I went looking for coaching resource material, and lo and behold, there was a coaching guide. What fun!!!
- On a scale of 5 to 1 where 5 indicates that the members sincerely want their club to be successful and 1 indicates that the members don’t seem to care whether their club succeeds or fails, How would you rate this club?
Corrective Action: Convince members that they will gain meaningful benefits from membership in a successful Toastmasters club.
That’s not coaching. That’s telling. Make them care? Well, they’re showing up, aren’t they? You cannot make someone care. You cannot convince people to be happy. This is an emotional response to the club, not a logical one! They aren’t going to weigh the plusses and minuses of the club’s value and decide to care if it reaches a certain score.
This is how the site recommends you approach this situation.
- “The definition of meaningful benefits and a successful club are individually determined. Meaningful benefits should be tied to the unique expectations of every member.
- Encourage club officers to lead a meeting where the entire club can share their opinions.
- Publish a list that defines what every member sees as benefits and what a success club means to them.
- Your role is to encourage conversation with open-ended questions and observe behavior.

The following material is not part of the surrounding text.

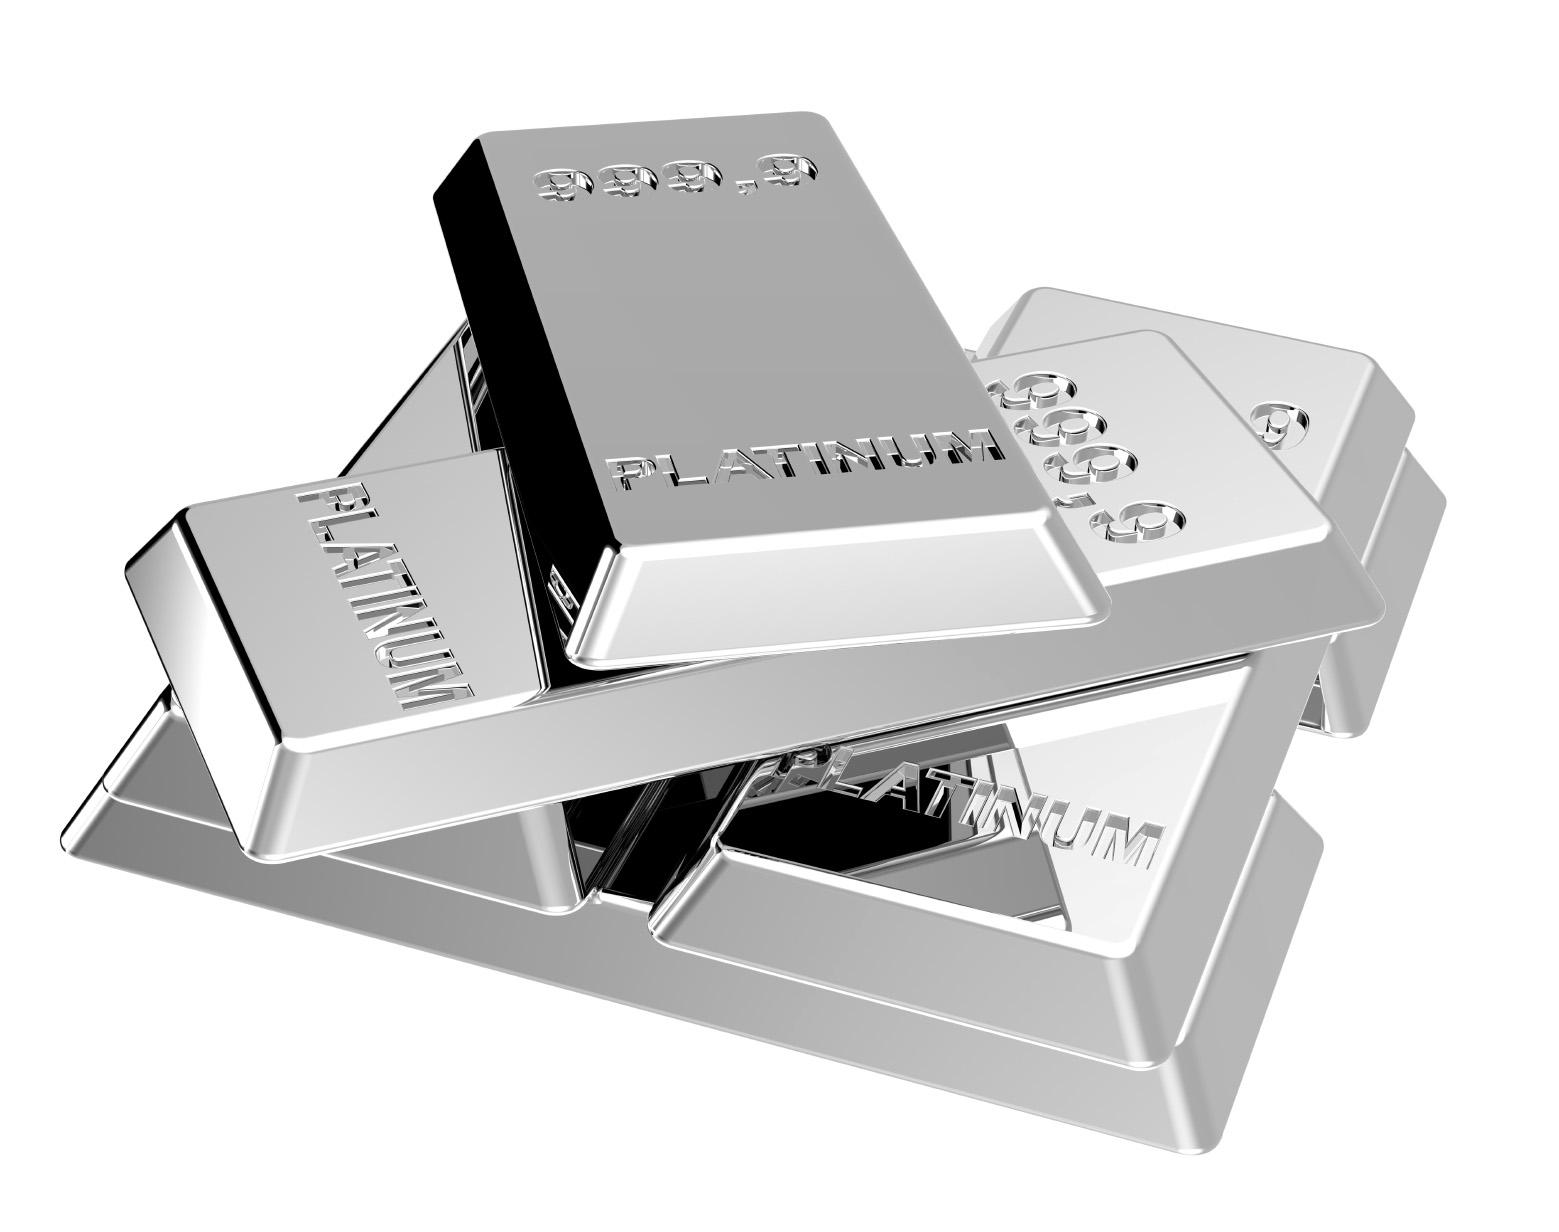 cena-na-platinu-prognoz-na-dekabr-2014-goda-dinamika-rosta-i-kotirovki-cen1

- Use attitude, body language, or withdrawal to determine who is resisting change and where to expect challenges.
- Ask the members to suggest how they can support each other to achieve their individual needs and expectations.”
The only correcting you would have to do is if the membership, as a whole, doesn’t want to save the club. Then you have an uphill battle correcting their misconceptions, and should probably look at having the club fold. If, however, the apathy is only in a few members, remember that you cannot correct this attitude in individual members without knowing the root cause. YOU don’t answer the survey, you have the MEMBERS answer it.
It is vital that you don’t just talk about the survey because then the conversation is undirected. If, however, you control the direction of the conversation with questions, you will learn much more. Take a look at the procedure above. Do you see any questions?
If you wish, you may have a phone interview or private lunch or something where you are one on one with the members. Remember, if there are 2 coaches, the most people you have to talk to is 6. Of course, if you’re the only coach, this might take a while. So you may want to go one on two. Then you go in-depth and ask these questions! Or, you can just ask the questions to the group and get everyone’s thoughts all at once. Make sure you have a great secretary or a recording device.
- On a personal level, what would success for you look like in Toastmasters?
- What would success look like for your club?
- How would a successful club benefit your own journey?
- What is it about the club you’d like to change or improve?
- Would those changes make the club more important to you?
- What unique contribution could you make to initiate those changes? Which one would you tackle first?
- What was your initial goal in joining this club?
- What attracted you to this particular group?
More fun would be to make these Table Topic questions.
But if you want more clarity after you ask those questions, follow up each question with the words, “What else” or “How” or “Could you give me an example.”
The conversation might sound like this:
Coach: What advantage would you enjoy if the club was more successful?
Member: Because it’s more fun to have more people.
C: Could you expand on that?
M: More interesting speeches, more people to take on roles in the meetings, better evaluations, more people available to be officers.
C: How would that make it better?
M: Less stress in between meetings, a better environment, a better chance to network.
C: So you see stress in between meetings as a challenge to this club?
M: Yes, it’s hard to fill roles and it’s boring always being the grammarian because no one else will take the job.
C: How does that affect the environment?
M: It seems like we’re always scrambling and falling short. It makes it difficult to impress visitors.
C: Do you think others would join the group if they knew how helpful the networking is?
M: Well, not really.
C: Would you join another club if you could network effectively there?
M: Actually, I’m in two other clubs for that very reason.
C: But you still come to this club. What keeps you coming back?
M: This is the one I started in, and I love the people here.
A 5-1 scale isn’t going to tell the whole story. And the conversation above just concerns itself with the 1st of those questions related to that measurement.